A foolproof recipe for squidgy cake squares, studded with extra chunks of chocolate for extra yumminess!
100g ginger biscuits
1 tin Carnation Caramel
185g dark chocolate
85g plain flour
40g cocoa powder
50g white chocolate, roughly chopped
50g milk chocolate, roughly chopped
275g caster sugar
1 Cadburys Crunchie bar, roughly broken
Line a 21cm, deep sided square tin with baking parchment.
Blitz the biscuits in a food processor and put into the prepared tin.
Make the brownie mixture
Cut butter into smallish cubes and tip into a medium bowl with the dark chocolate. Place on a saucepan of hot water to melt, stirring occasionally, once melted take off the heat and let it come to room temperature.
Preheat oven to 180C/gas 4.
Sieve the flour and cocoa powder into a bowl.
Break the eggs into a large bowl and add the sugar, whisk until creamy and thick, like a milk shake.
Pour the cooled chocolate mixture over the eggy mousse, then gently fold together with a spatula until the two mixtures are one and the colour is a mottled dark brown.
Add the flour/cocoa mix to the eggy mixture and gently fold in, it will look dry and powdery for awhile but keep on folding in it will come to look fudgy.
Stop just before you feel you should, as you don’t want to overdo this mixing. Finally, stir in the white and milk chocolate chunks until they’re dotted throughout.
Pour half the brownie batter over the biscuit crumbs that are already in your prepared tin, then pour over 3/4 of the caramel and finish off by pouring on the rest of the brownie batter.
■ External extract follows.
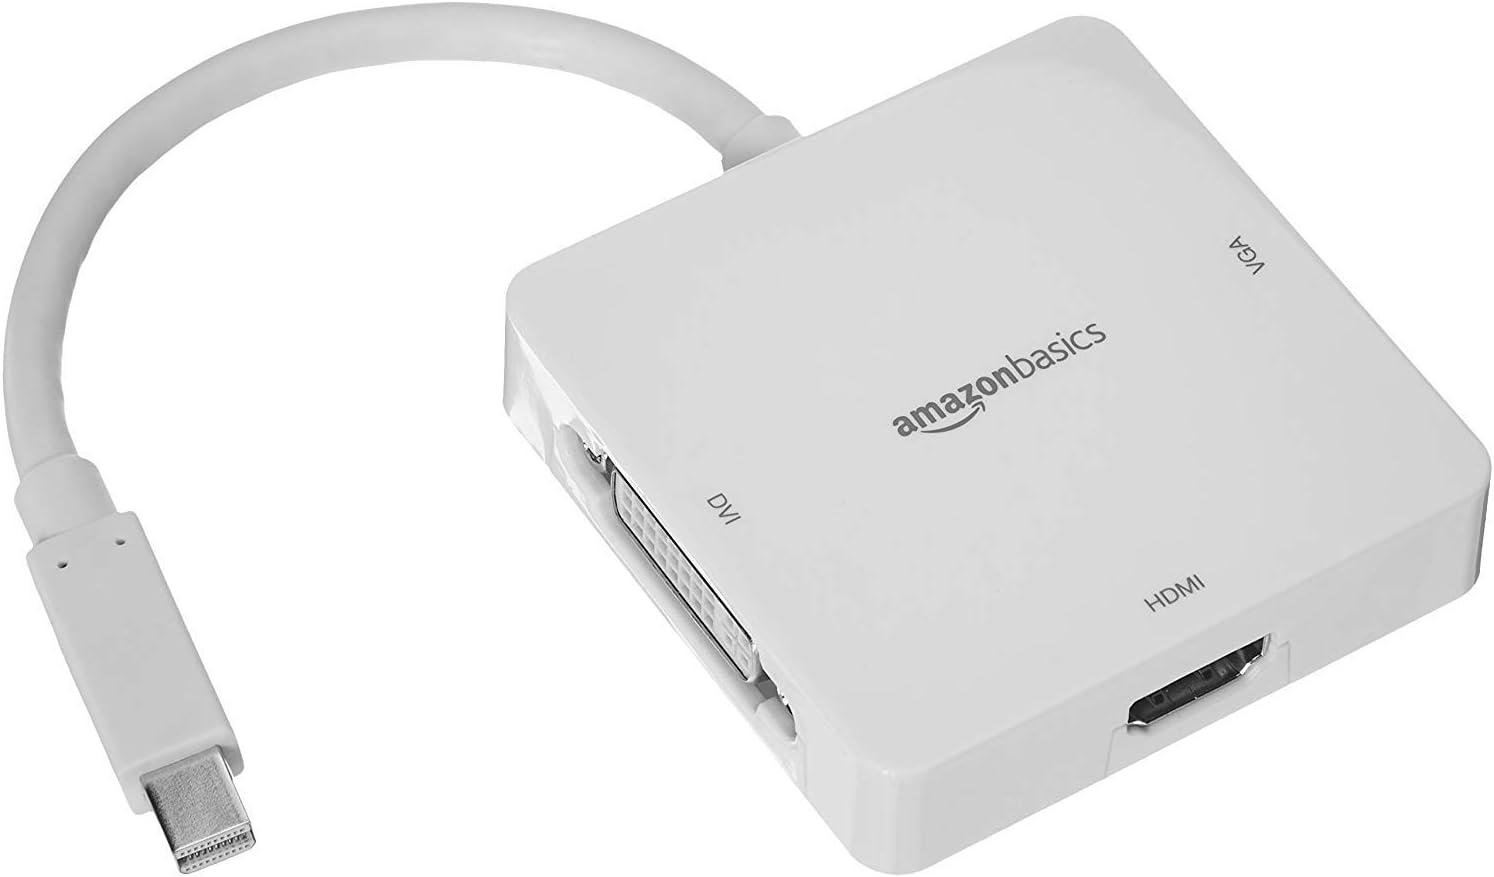 AmazonBasics - Adaptador de Mini DisplayPort a HDMI/DVI/VGA - Blanco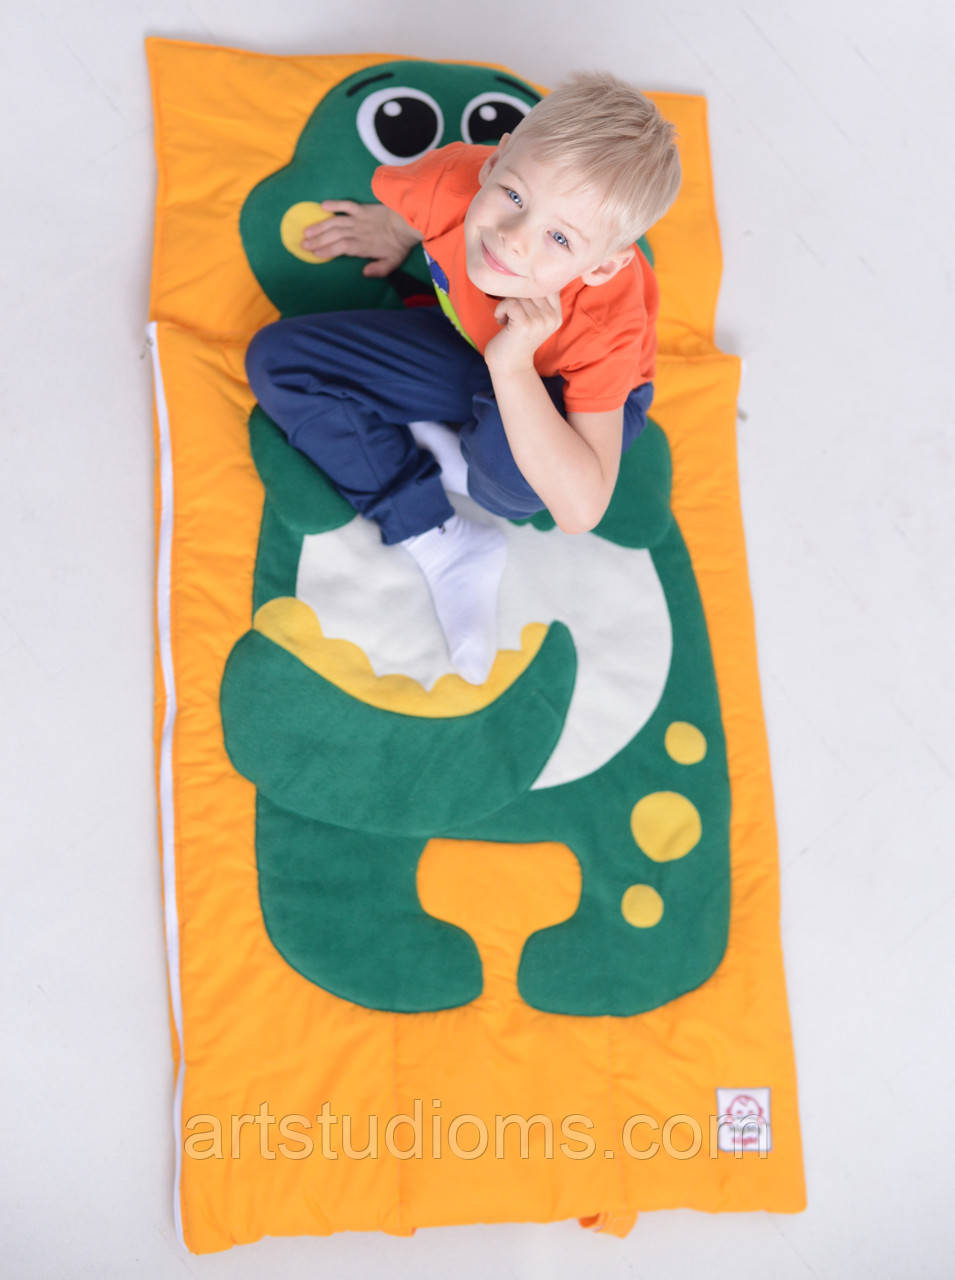 Комплект детского постельного белья слипик Дино, размер S, 120х60 см, для деток до 2-2,5 лет

Bake for 30 – 40 minutes. If the brownie wobbles in the middle, it’s not quite done, so slide it back in and bake for another 5 minutes until the top has a shiny, papery crust and the sides are just beginning to come away from the tin. Take out of the oven.
Leave to cool then spread the rest of the caramel over the top, then scatter the Crunchie ontop and enjoy.